The Kremlin believes that Erdogan's apologies were an important step, but a great deal is still to be done for the normalization of bilateral relations.
"A very important step has been taken to this end (the normalization of relations)," Peskov said. "Certainly, many more steps are to be taken together towards each other. One should not think that everything will get back to normal within a matter of days. But work along these lines will proceed."
Peskov recalled Putin's repeatedly declared intention to maintain a good relationship with Turkey and the Turkish people, the absence of alternatives to such kind relations, and the conditions that must be created for them.
He kept quiet as to whether the Russian leader would reply to Erdogan in writing.
No philological nuances
Peskov stated that the Russian translation of Erdogan's message published by the Kremlin with apologies for the death of the Russian pilot was adequate to the Turkish original.
"The word 'apology' matches the Turkish original one hundred percent," Peskov said in the wake of mass media discrepancies in the interpretation of Erdogan's letter.

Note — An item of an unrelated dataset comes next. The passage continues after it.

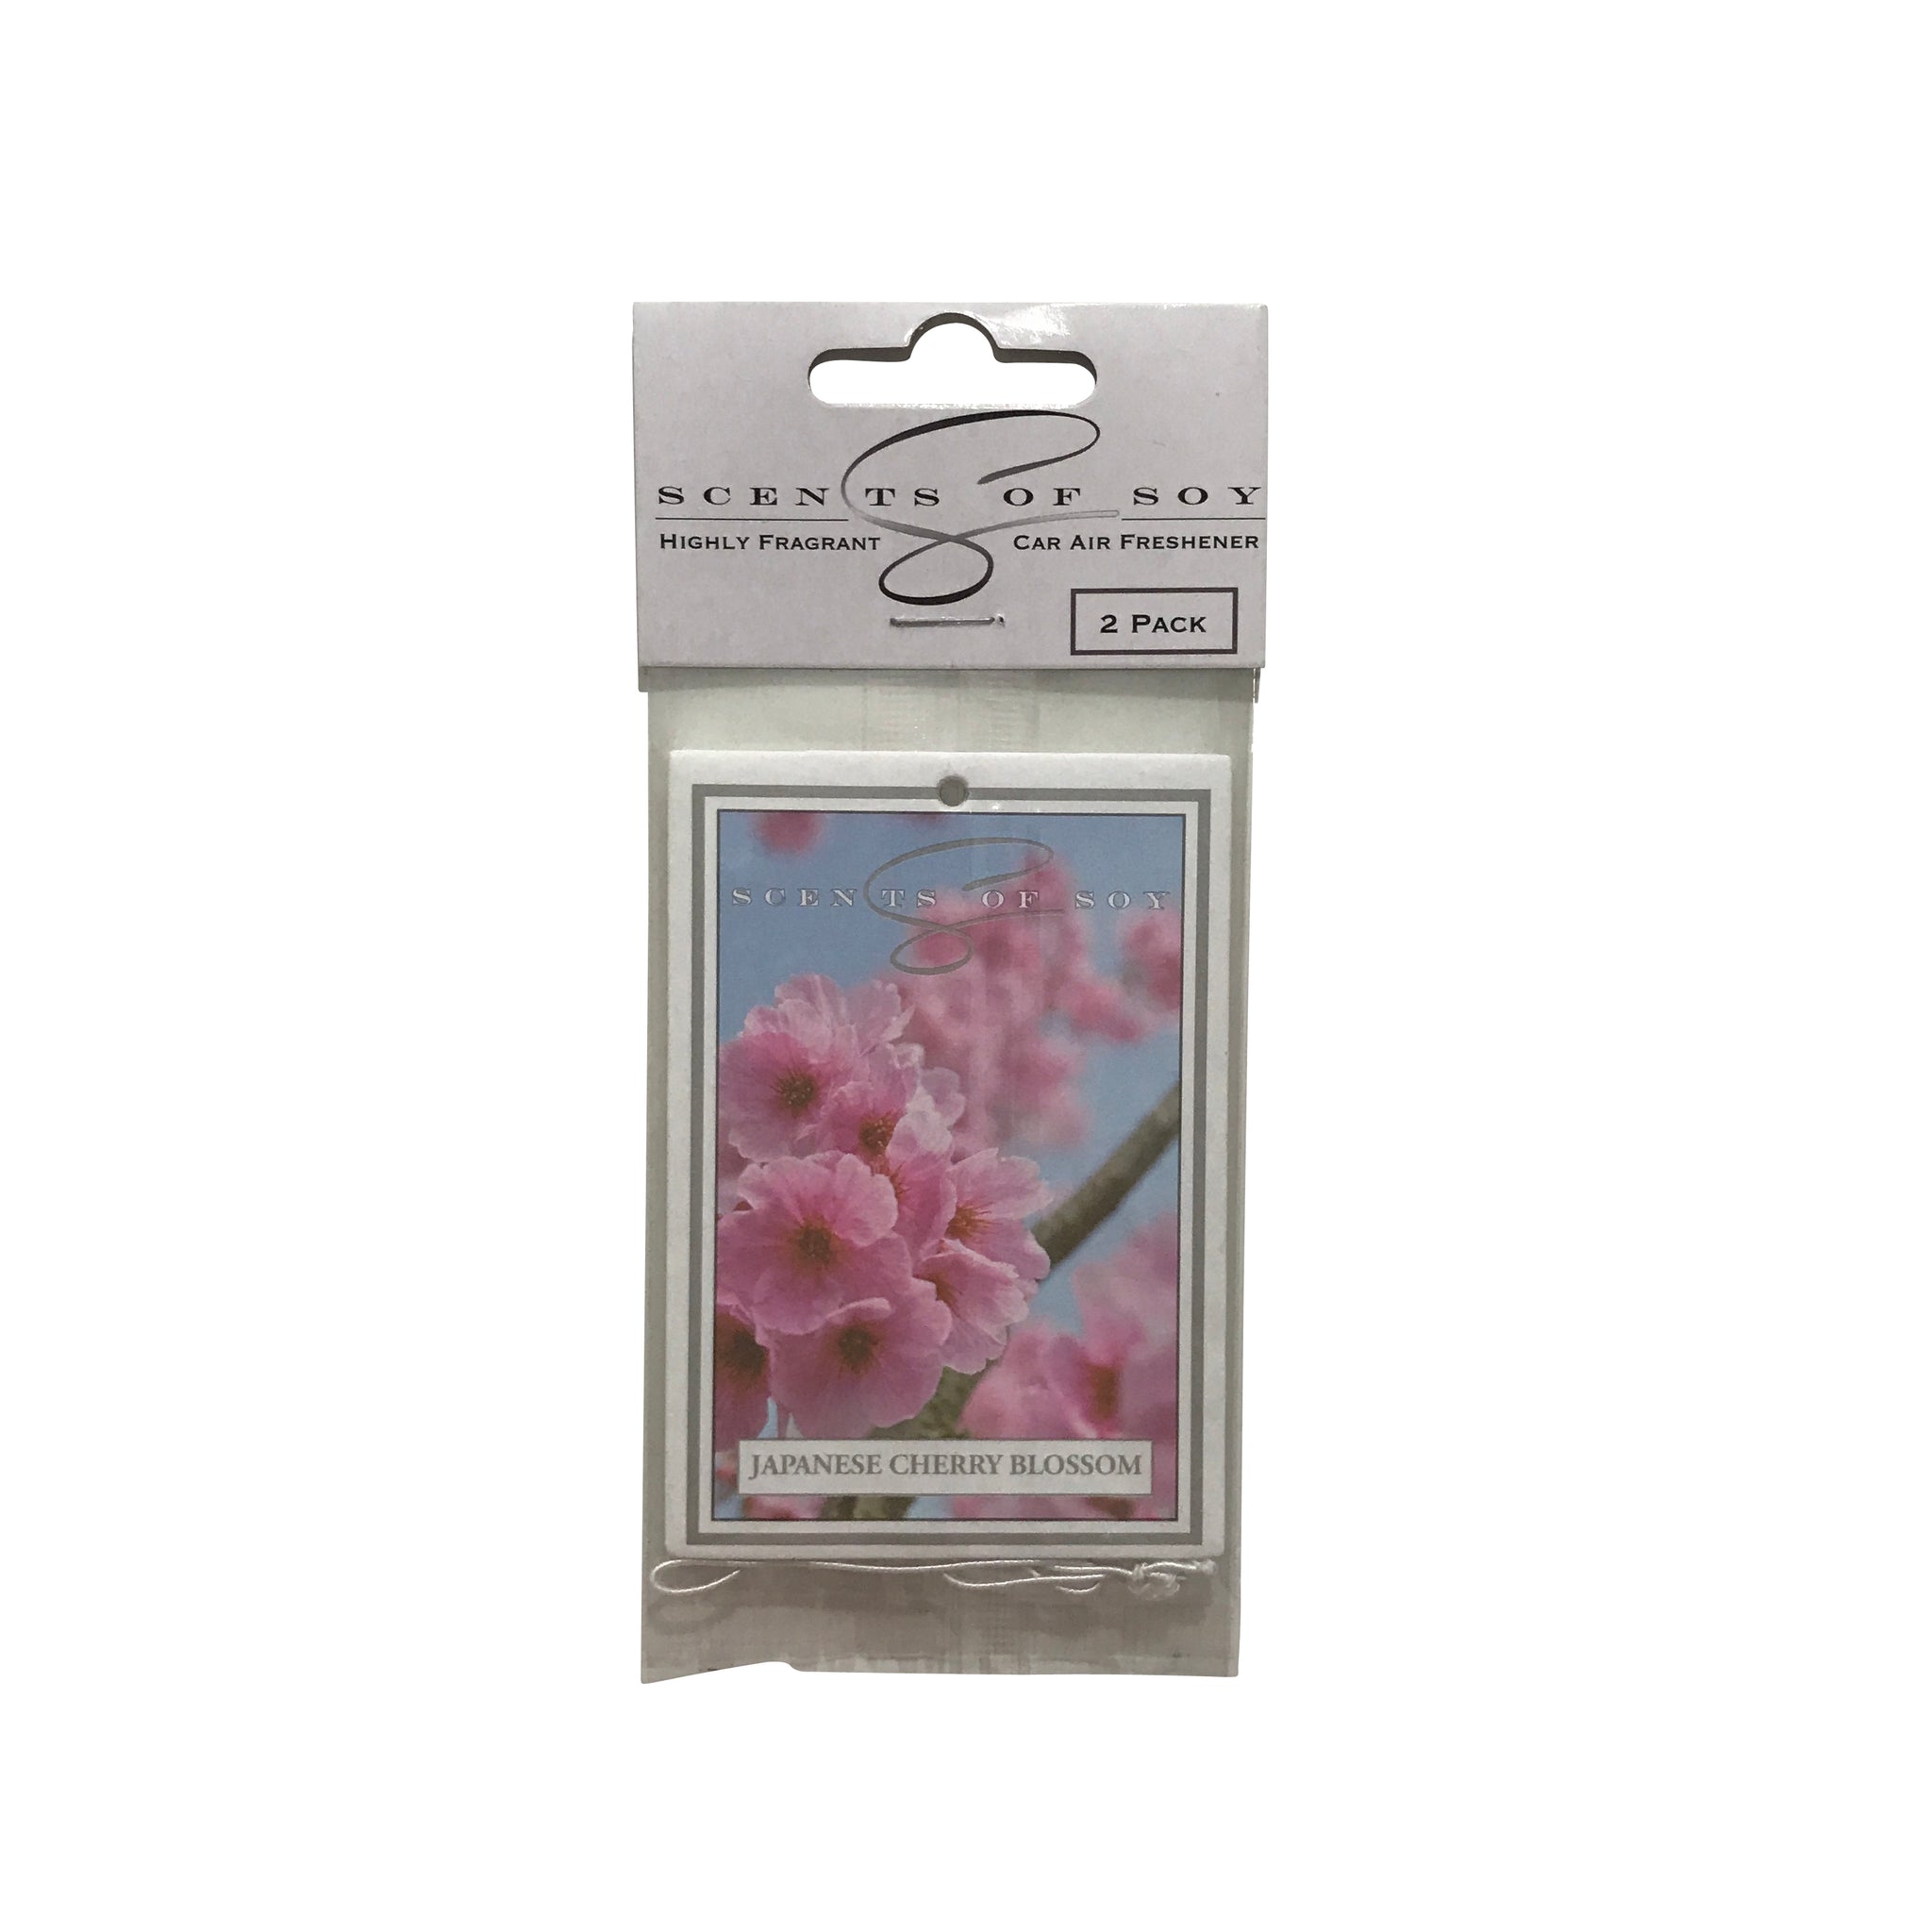 Japanese Cherry Blossom 2 Pack Car Air Freshener – Scents of Soy

"The message contains other words of regret and the word 'sorry'. Both are there," Peskov said. He is certain that "there are no philological nuances."
"I am a specialist in the Turkish language. I invite you to read the text once again. The extracts from the text in quotation marks are available on the Kremlin's website," he said.
Russian-Turkish relations sank to a record-low after Turkish warplanes on November 24 last year downed a Russian Sukhoi-24 bomber over Syria. Ankara claimed that the plane had intruded into Turkish airspace. Moscow denied that.
On Monday, June 27 it was announced that President Erdogan in a message to Putin apologized for the downed bomber and expressed interest in settling the situation.